C1 Values = (1.486/n) (A) (R2/3)
| Diameter | PVC (C1) | RCP (C1) | Same Diameter Variance | PVC vs 3” Larger RCP Diameter Variance |
| 12” | 51.4 | 35.7 | 144% | 79% |
| 15” | 93.3 | 64.7 | 144% | 89% |
| 18” | 151.7 | 105 | 144% | 96% |
| 21” | 228.8 | 158 | 145% | 101% |
| 24” | 326.7 | 226 | 145% | 105% |
| 27” | 447.3 | 310 | 144% | 109% |
| 30” | 592.4 | 410 | 144% | 89% |
| 36” | 963.4 | 666 | 145% | 89% |
| 42” | - | 1006 | 96% |
You can also consider replacing RCP Pipe Arch with PVC pipe.

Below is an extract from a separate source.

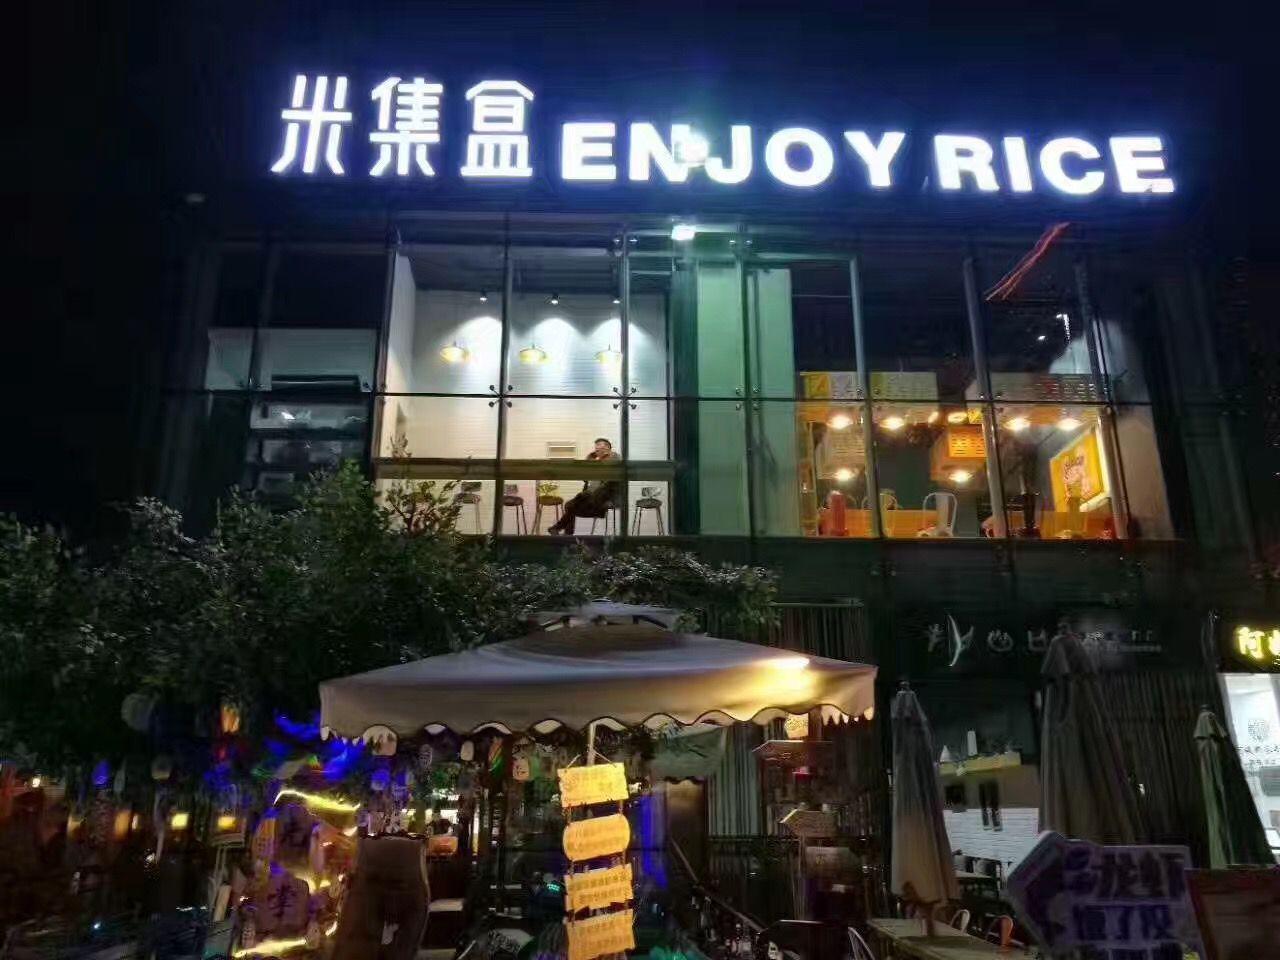 米集盒快餐

C1 Values = (1.486/n) (A) (R2/3)
| Diameter | RCP Pipe Arch Dimension | PVC (C1) | RCP Pipe Arch (C1) | Variance | Distance from invert to top of PVC | Distance from invert to top of RCP P. Arch |
| 12” | 18 x 11” | 51.4 | 50 | 103% | 12.26” | 13.25” |
| 15” | 22 x 13.5” | 93.3 | 84 | 111% | 15” | 16” |
| 18” | 26 x 15.5” | 151.7 | 127 | 119% | 18.35” | 18.25” |
| 21” | 28.5 x 18” | 228.8 | 187 | 122% | 21.67” | 21” |
| 24” | 36.25 x 22.5” | 326.7 | 339 | 96% | 24.55” | 26” |
| 30” | 43.75 x 22.5” | 592.4 | 566 | 105% | 30.81” | 30.63” |
| 36” | 51.13 x 31.31” | 963.4 | 866 | 111% | 37.11” | 35.81” |
Consider these tips when designing your sewer projects moving forward.